Saturday, July 30, 2011

Justifying murder

I just spent some time this morning reading through the comments on a posting on Harry's Place about Pamela Geller deleting the violent part of an email she published in 2007 from someone in Norway. Joseph W picked up the item from Charles Johnson's LGF: Pamela Geller Edits Post to Conceal Violent Rhetoric in 'Email from Norway. Charles comments that this email was "from a reader who sounds a lot like the Oslo terrorist, Anders Behring Breivik."

Some of the comments on HP were fine, but others descended into the abyss of trying to justify what Breivik did. "Hutch" quoted israelmatzav as saying, "Norway's ambassador to Israel justifies 'Palestinian' terrorism and we're supposed to cry for the Norwegian Laborites?" "Ben" writes, "Israel is once again displaying a lack of self-respect. The exaggerated display of solidarity with the Labour Party youth victims (lowering the embassy flag to half mast, Peres making overly fulsome speech of grief) is unseemly, because it is quite clear that most of the Norwegian Labour Party establishment and its youth cadres acquiesces in or is indifferent to Jew-killing in Israel." "censoredbyyou" writes "I in no way condone his acts, but as the smirking 'Left' internationally observed after 9/11 - they had it coming."

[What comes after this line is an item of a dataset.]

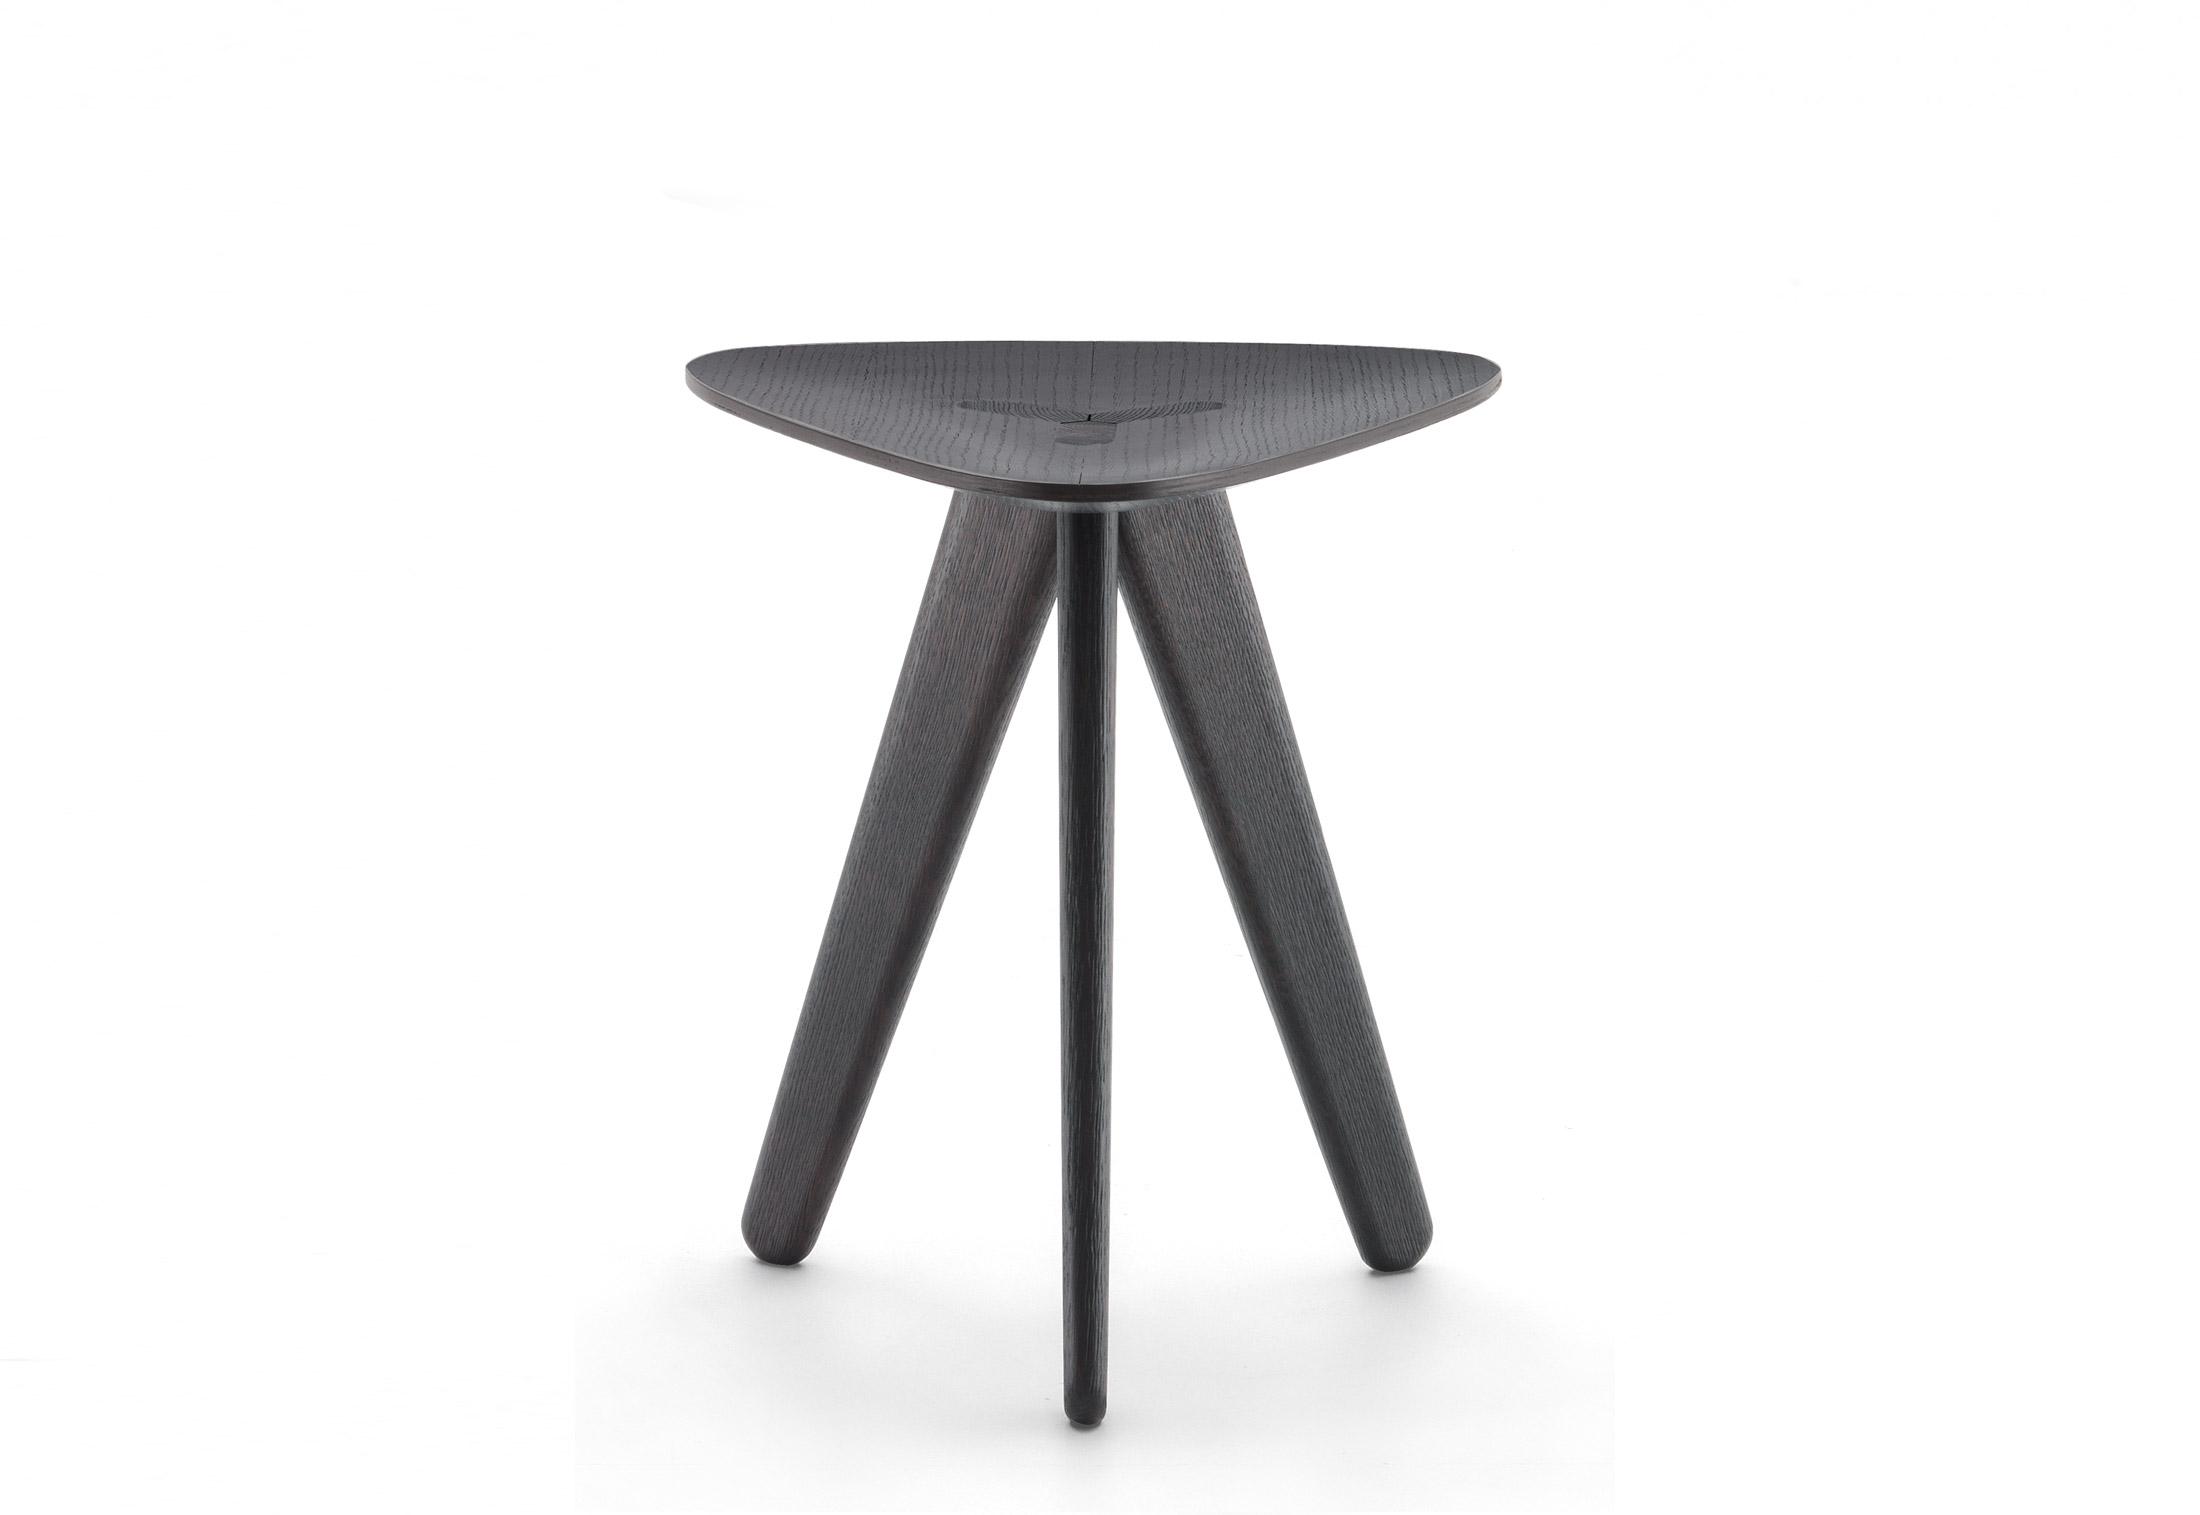 Home products chairs ics ipsilon - Ipsilon Ipsilon Ipsilon Ipsilon

J.J. Golberg of the Forward wrote about a similar phenomenon in the talkbacks to articles on Breivik on the websites of the Israeli newspapers - Ynet and Maariv.

Damian Thompson, right-wing writer for the Telegraph (UK) and editor of their blogs, has some trenchant words on Anders Breivik and the echo-chamber of the trolls:
Was Anders Breivik an internet troll? I’m sorry if that seems a flippant question to ask about a man who killed dozens of Norwegian teenagers, but you can’t read his 1,500-page “manifesto” without being struck by how thoroughly he trawled the web. Whatever the explanation for his murderous actions, this was definitely a brain warped by the blogosphere....

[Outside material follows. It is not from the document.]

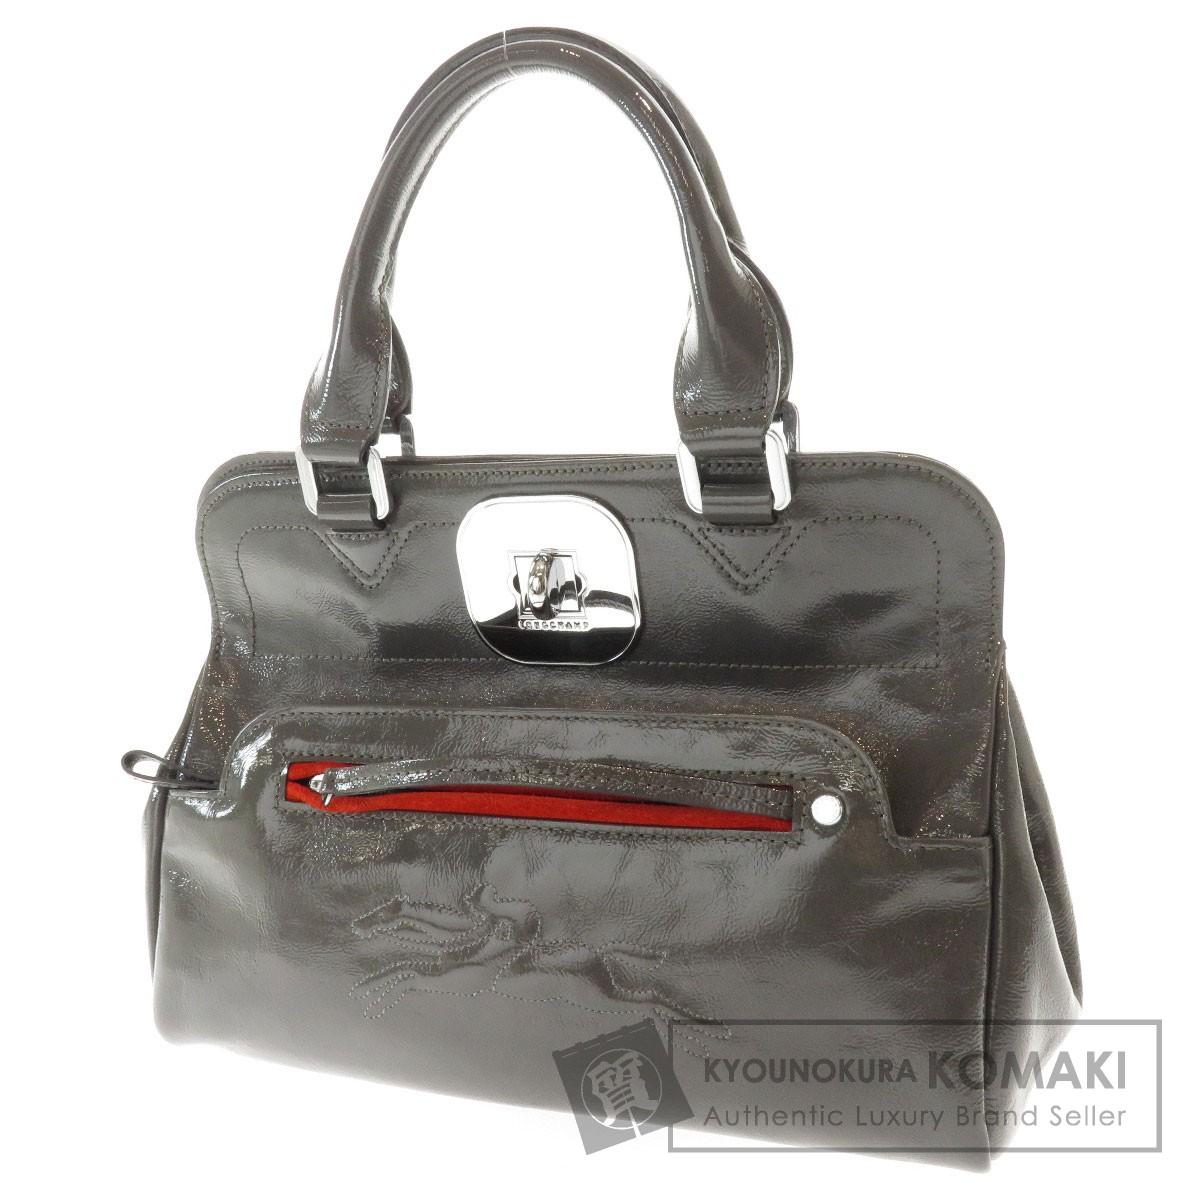 Longchamp 2WAY ハンドバッグ パテントレザー レディース 【中古】【ロンシャン】

Then there are the pyjama-clad pseudonymous obsessives whose fingers are calloused from rattling out the truth about the “EUSSR”, BBC bias, Big Pharma, Zionists, Islam etc.

These trolls aren’t confined to the far Left or the far Right: some of the most noxious internet bores turn out to be Liberal Democrats. It’s true that, on the whole, their views tend to be controversial, but the essence of their trolling is their rhetorical style: in particular, an insistence that they know the truth about everything. All they really have in common – apart from an aversion to deodorant – is hysterical omniscience.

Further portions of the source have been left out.